Being aware, being mindful of God’s blessings is what separated the tenth leper from the other nine. It’s the faith that “made him well” in the final verse. Of course the text says Jesus “cleansed” all ten, but did you notice only the tenth was “made well”? And it was his faith that made him well. Perhaps that’s because Jesus saw this at work in him—he saw an awareness that was deeply mindful of his blessing which led him to gratitude and transformation. And more than just the physical health that all ten received, the tenth leper had the spiritual wholeness that came from thankfulness—the gratitude that transformed his heart. His faith and trust and gratitude for Jesus’ gift truly made him well. He is a model of how we should respond to God’s gifts for us. With mindfulness and gratitude. And a model of how such a response to God’s grace will transform us and make us well also.

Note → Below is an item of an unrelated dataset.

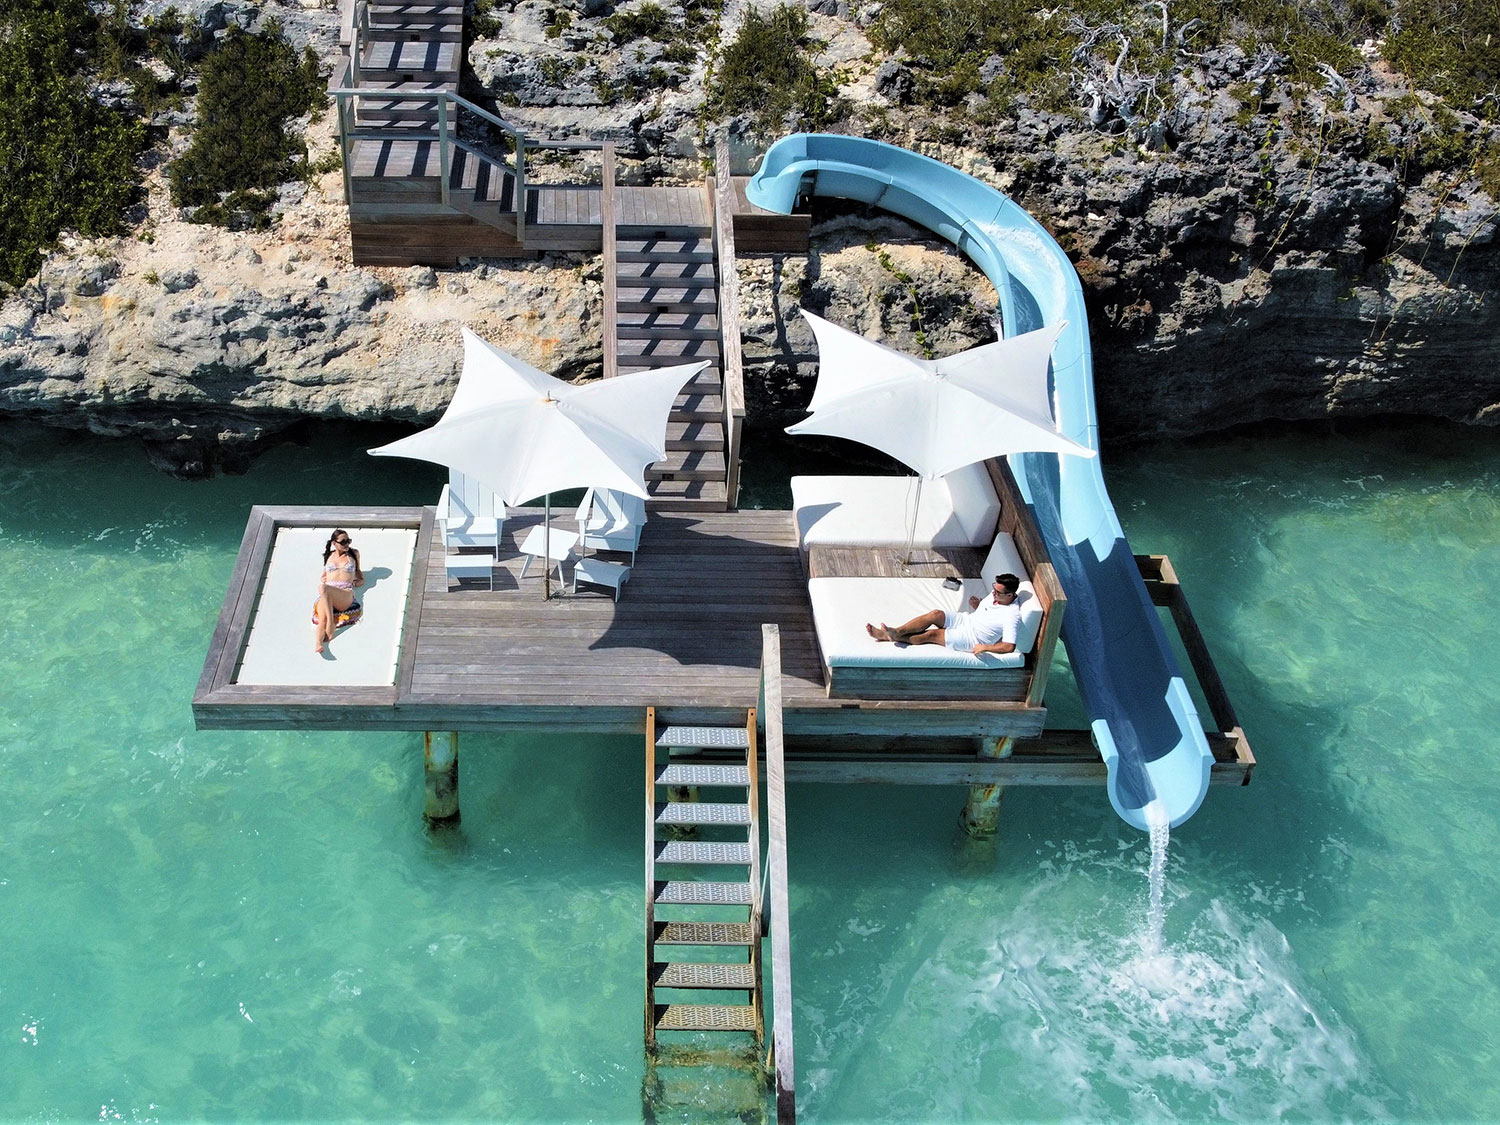 The deck and waterslide of the Amuse Villa at Wymara Resort and Villas in Turks and Caicos.
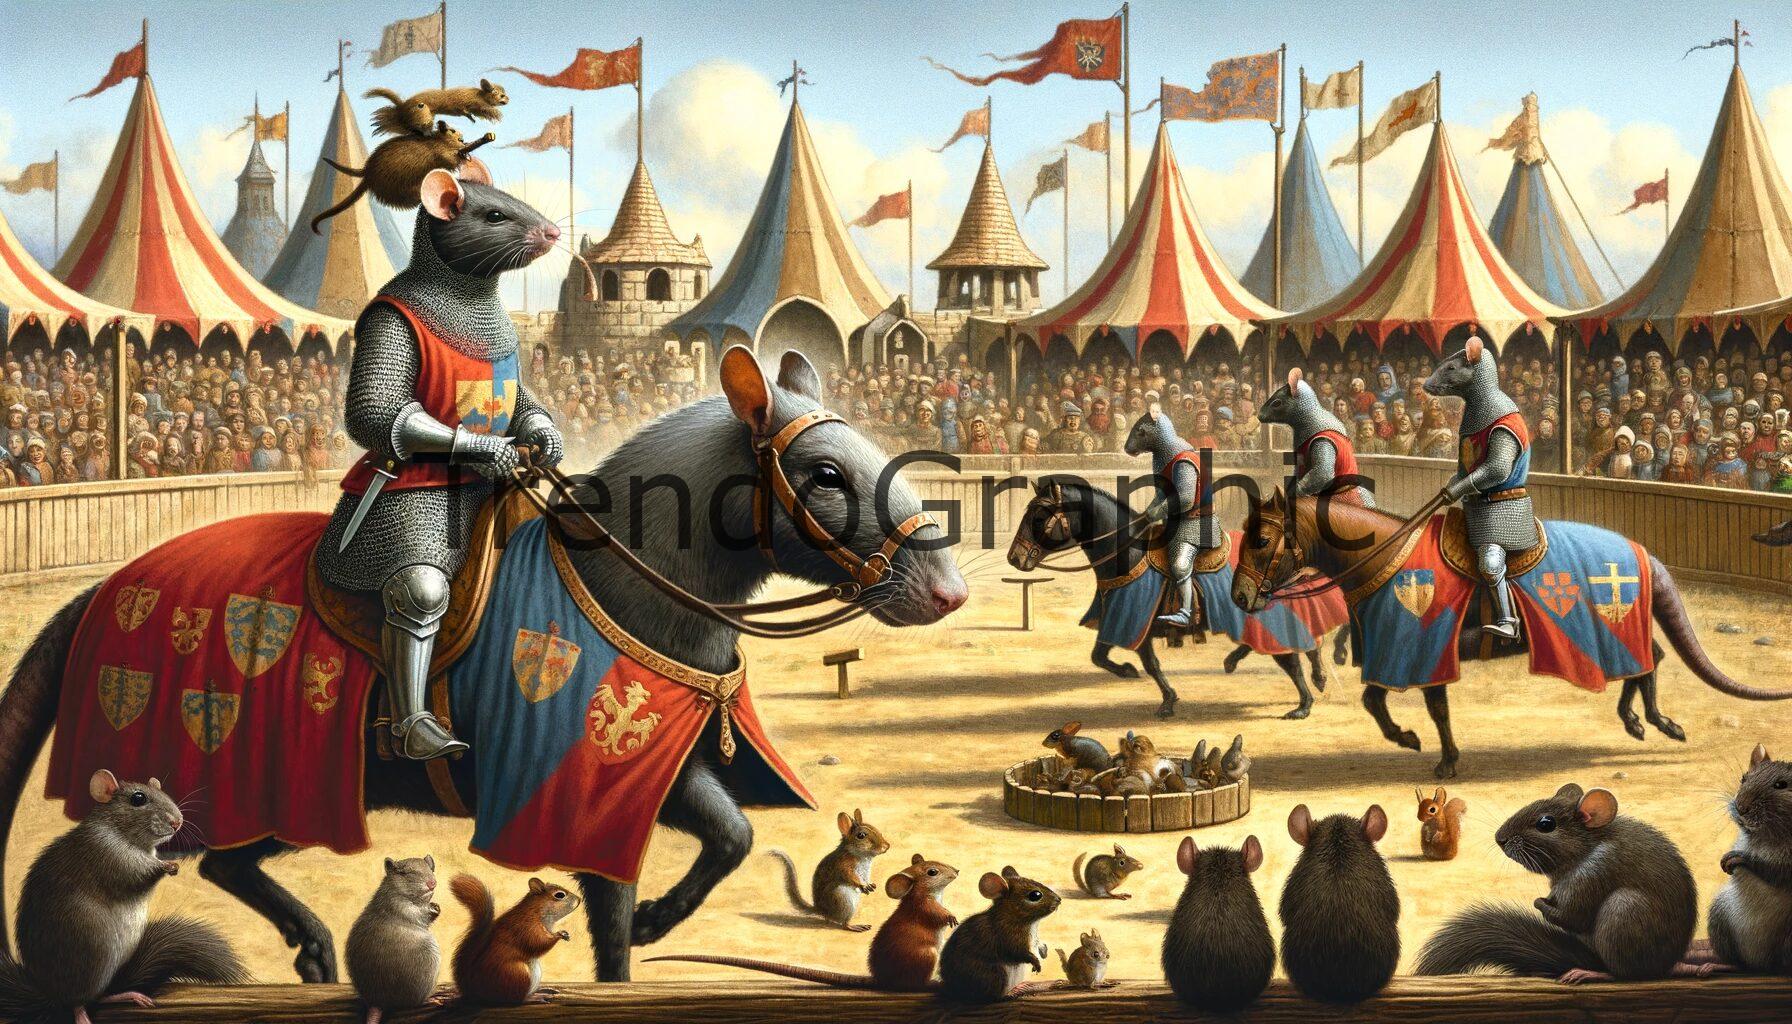 Rats as Medieval Jousting Knights: A Whimsical Reimagining

But the good news in this story isn’t that only one returns to give thanks, it’s that all ten are cleansed. And I’m sure the Holy Spirit did not leave them or give up on transforming them into people of gratitude and love. Because we don’t have a God who loves us only when we appreciate it. That’s not what unconditional love is. God doesn’t heal just so we’ll give thanks. God loves us even when we forget to give thanks. God loves us even when we’re downright ungrateful, like my dog Blondie who never realized I got shocked trying to help her. God doesn’t hold our ungratefulness against us. God simply notices it and invites us to grow beyond it. To become people with grateful and grace-filled hearts. To be a people who are deeply mindful of our gifts, and share out of our abundance. To be like the tenth leper. God is working in us, no matter how thankful we are or aren’t, and transforming us into mature Christians who are thankful, who are filled with gratitude, who are generous and loving, who are partners with God in our own transformation and in the transformation of the world. Amen.


In the name of the Father, and of the Son, and of the Holy Spirit. Amen.